Illinois Judge Makes Bizarre Appearances In Federal Court Demanding To Intervene In Secret Cases By Her Lawyer, Doctor, or “Spiritual Adviser”

Cook County Judge Susan McDunn has had a controversial career with allegations from anti-gay bias to sheer incompetence. She is now adding suggestions of paranoia after appearing in federal court demanding to know what secret and sealed cases have been brought against her — despite the fact that no one has any evidence of such cases existing. Yet, McDunn insists “I’m not paranoid.” She could add that “even if I am paranoid it doesn’t mean my spiritual adviser is not after me.”

McDunn, 57, appeared before Federal Judge Amy St. Eve on an “emergency” matter, announcing that she was “almost certain there is a case or more pending in this court under seal involving claims that I have — that I have against people.” St. Eve tried to get McDunn to explain why she believes that there are secret lawsuits against her. McDunn simply assured her that she has all the evidence that she needs:

“I have a massive amount of evidence regarding that, but it’s in small pieces because basically I’ve been locked out of my own life because of these secret proceedings . . . Many people know about these cases . . . I have many pieces of evidence to know that. But people are lying to me about the existence of the cases and saying they don’t know anything about them. . . . But . . . I know the cases exist . . . I am being persecuted extensively by many people in many ways. I have many claims of many types against many potential defendants, including very powerful people in this city.”

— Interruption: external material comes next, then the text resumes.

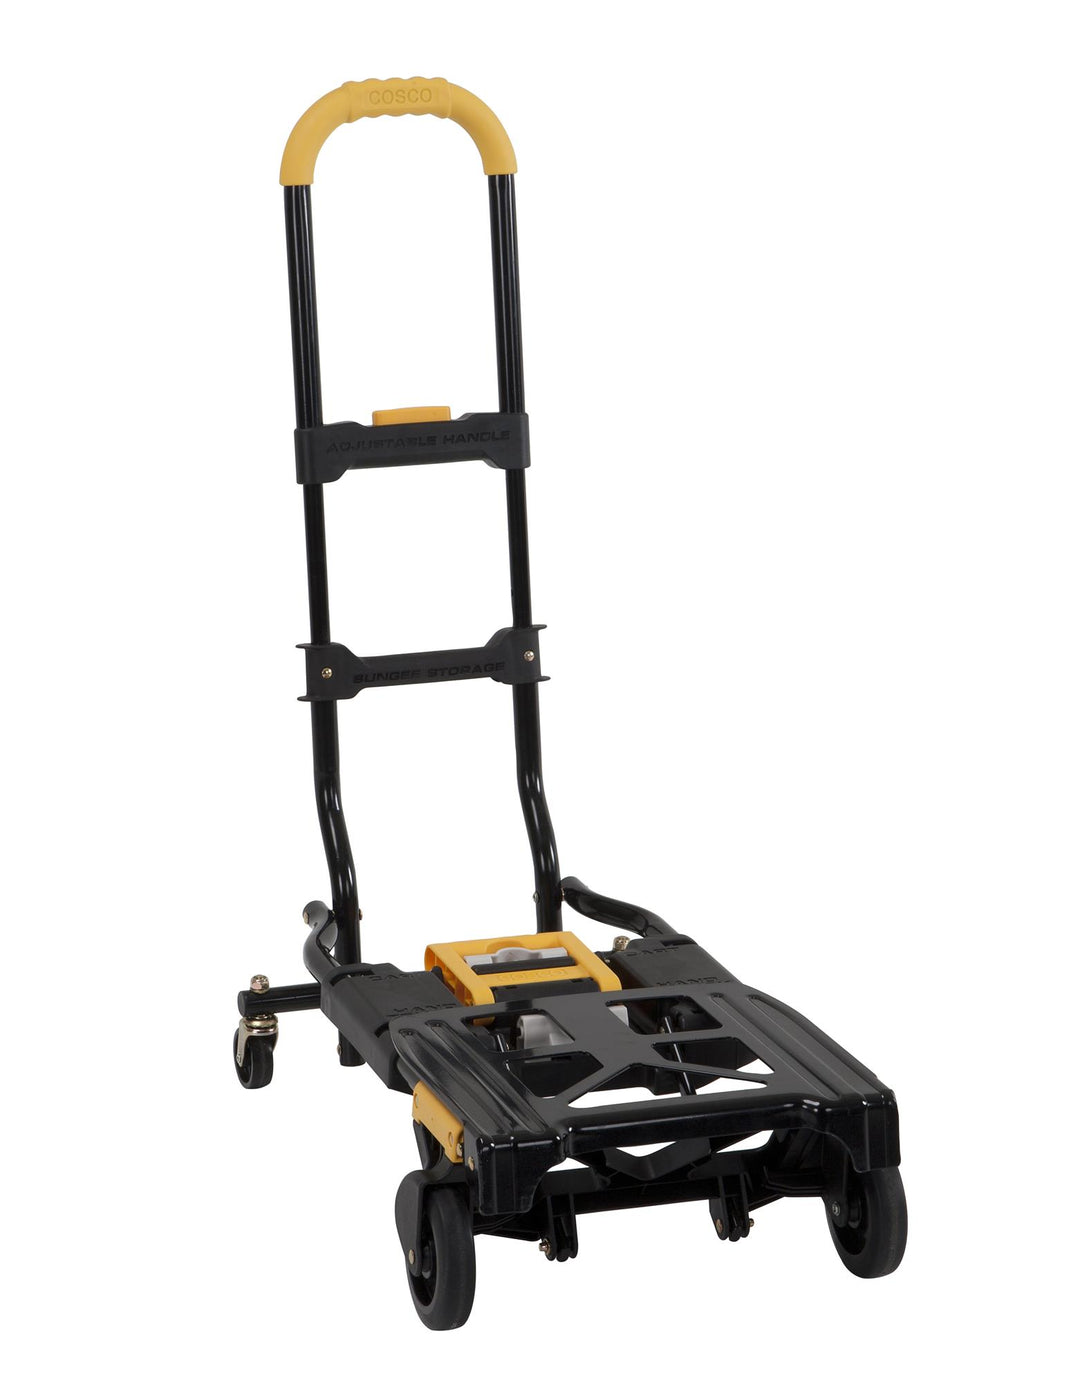 2 in 1 Multi-Position Hand Truck with Extendable Handle -  Black/Black/Yellow

Not surprisingly, St. Eve said that that was not enough, even for a fellow judge.

Two days later, McDunn went to the courtroom of Chief Federal Court Judge James F. Holderman claiming that her “life is being ruined” by secret lawsuits involving a variety of high-profile tormentors from former Mayor Richard M. Daley, Ald. Ed Burke (14th) to Cook County State’s Attorney Anita Alvarez to leading figures in the Archdiocese of Chicago. McDunn presented a motion alleging that either the attorney, her doctor or her “spiritual advisor” had filed or helped file the secret cases. While she could not identify which filed the action, she wanted to intervene in the case. Holderman said he checked with the clerk and no such cases were found. However, McDunn assured him, “I’m not paranoid.”

Holderman told her he’d asked the clerk’s office to find the mystery sealed cases McDunn was referring to, but “there is no case” — a statement he repeated to her eight times during the short hearing, according to a transcript.

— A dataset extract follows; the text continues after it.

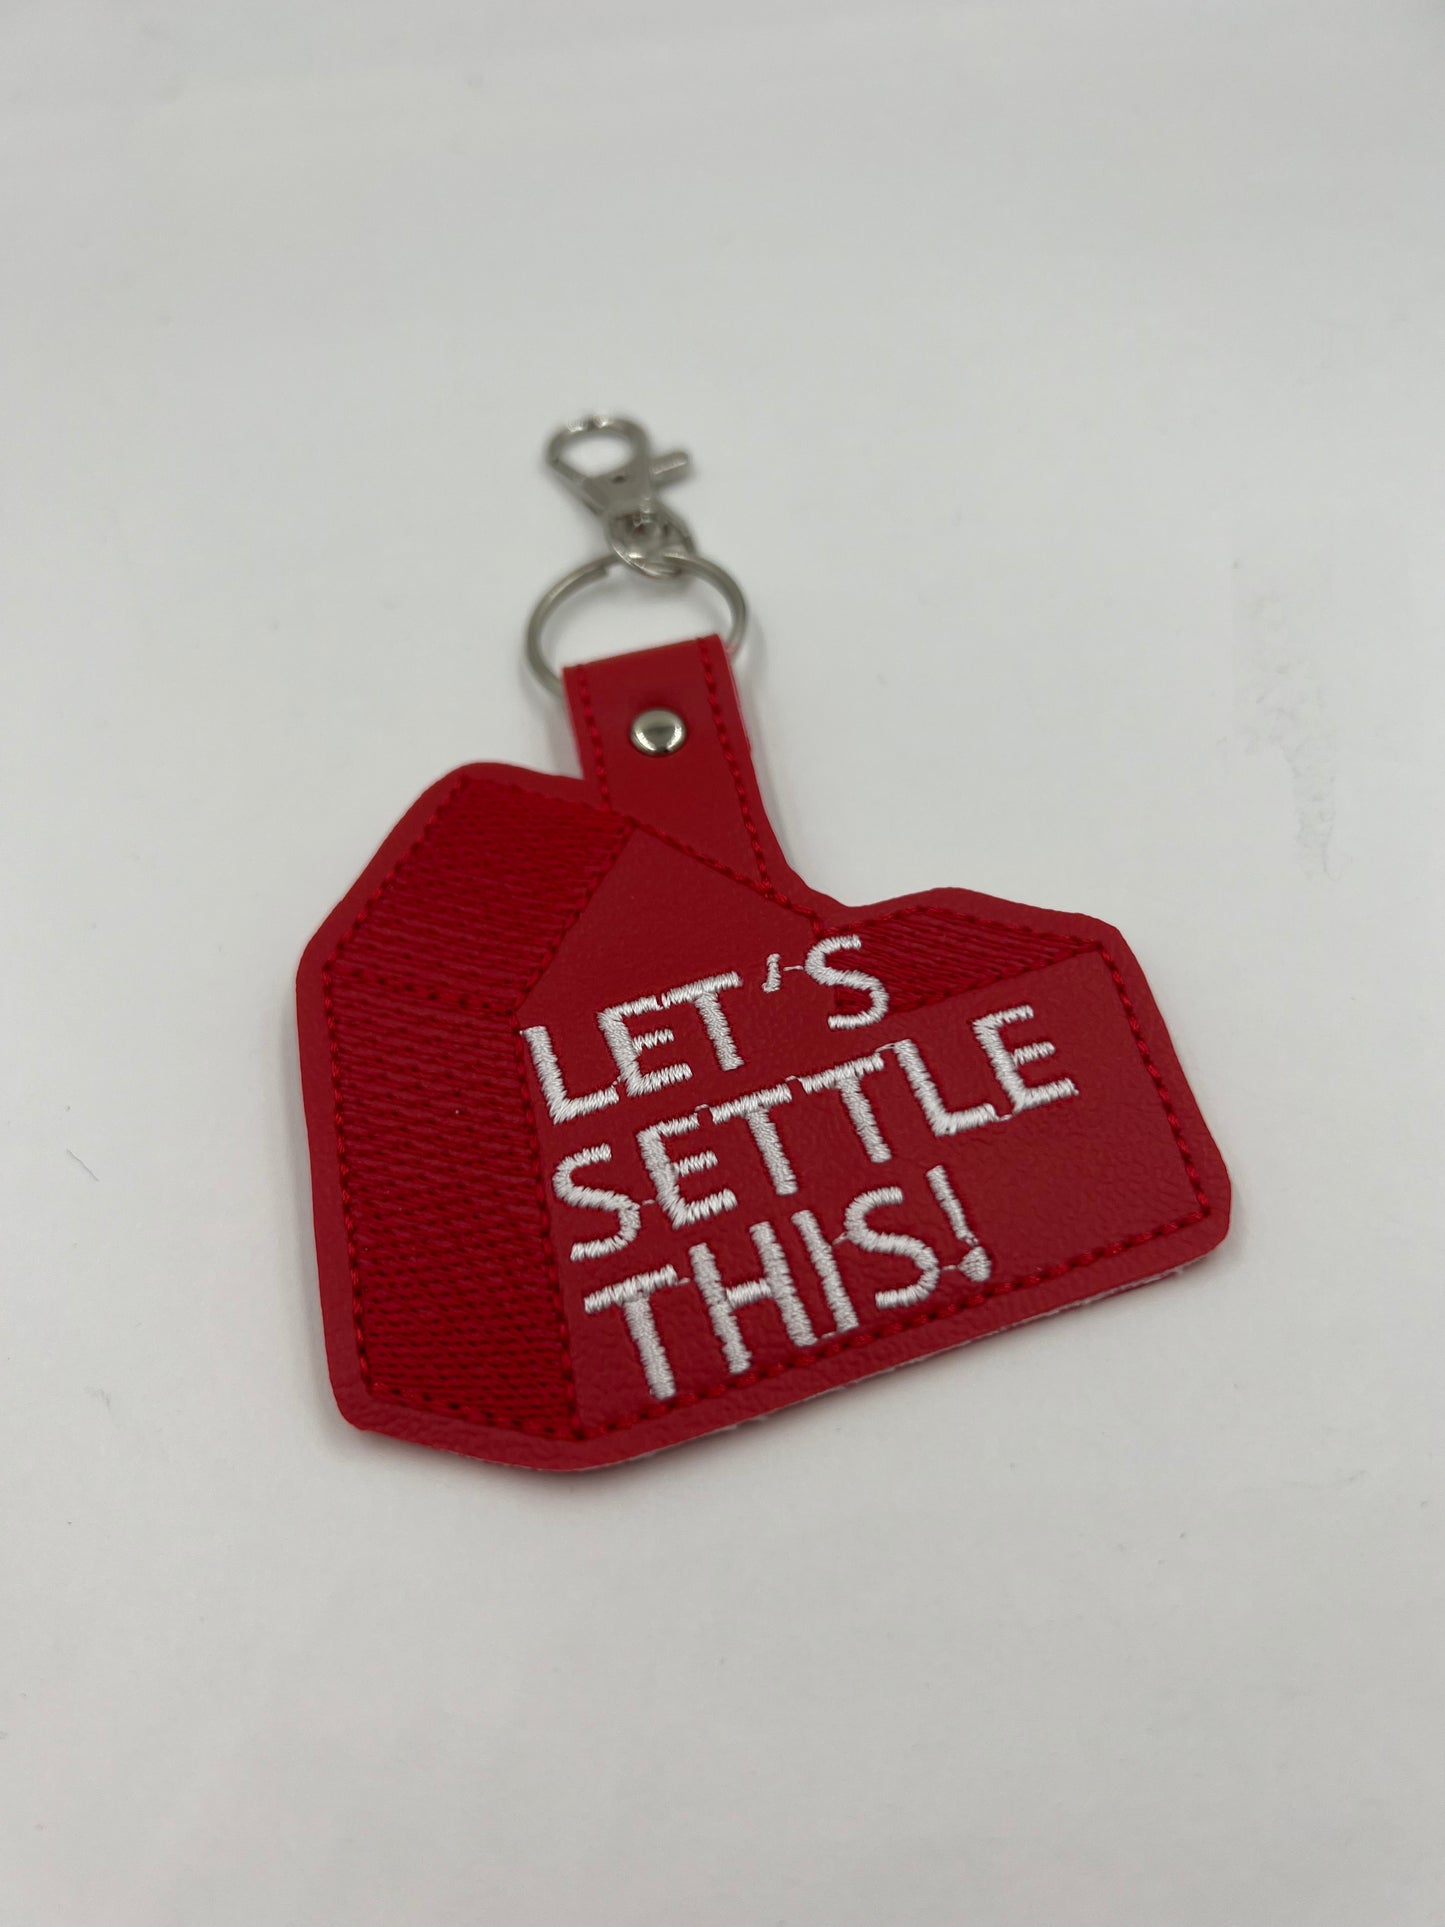 Let’s Settle This Keychain

McDunn was undeterred: “I’m a judge — I know that cases are sometimes filed but the parties involved are not given notice.”

McDunn has been previously the subject of great controversy. She has been deemed incompetent in the past by the Bar and moved from court to court due to her alleged lack of knowledge and judicial temperament. In one such move, she was put in charge of adoptions and almost immediately caused an outrage over her treatment to two cases involving lesbian parents, including one who was the biological mother of the child. McDunn held up the adoption and was accused of giving the names of the parties to a conservative group that opposes same-sex adoptions. She wanted the group to be the “secondary guardian” of the children. She was removed from the case and the presiding judge approved the adoptions.

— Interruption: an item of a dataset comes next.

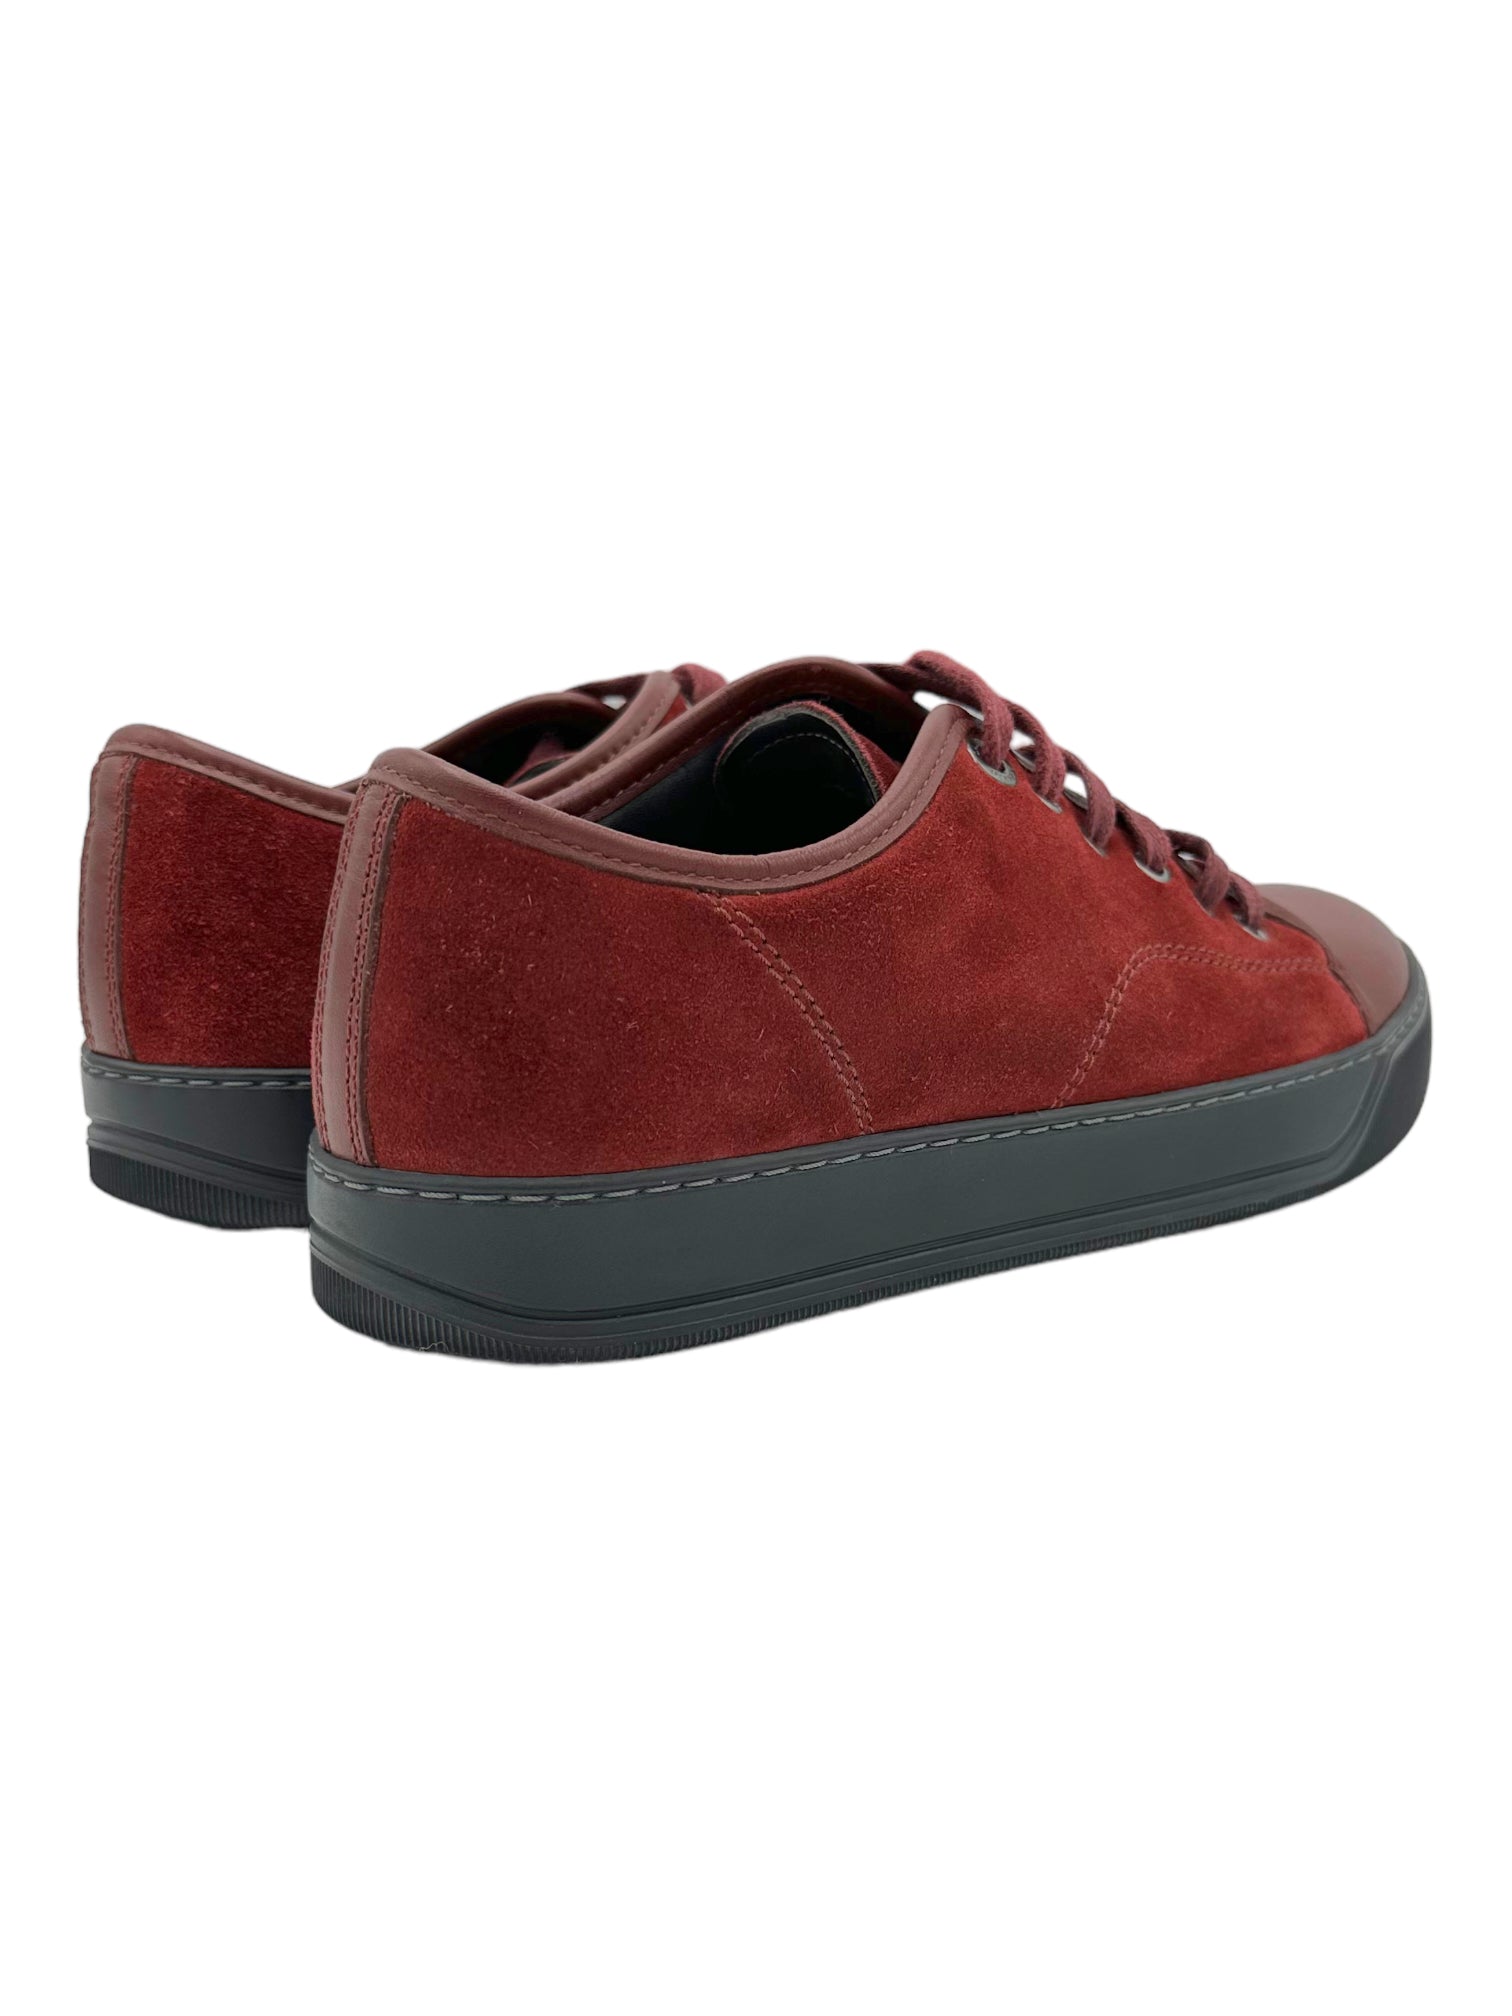 Lanvin Paris Maroon Suede & Black Sole DBB1 Casual Sneakers - Genuine Design Luxury Consignment. New & Pre-Owned Clothing, Shoes, & Accessories. Calgary, Canada

She was then sent to traffic court despite her reputation for abusive treatment of litigants and lawyers. She then tried to issue orders putting herself back on the adoption court but was blocked by the Appellate Court which described her conduct as causing “inexcusable injustice.” She was removed from even the traffic court and put on a paper-pushing job.

She now joins Judge Cynthia Brim who has removed by the bench after being arrested for shoving a sheriff deputy and throwing keys at him. Brim was previously included in judges investigated for leaving their job early each day.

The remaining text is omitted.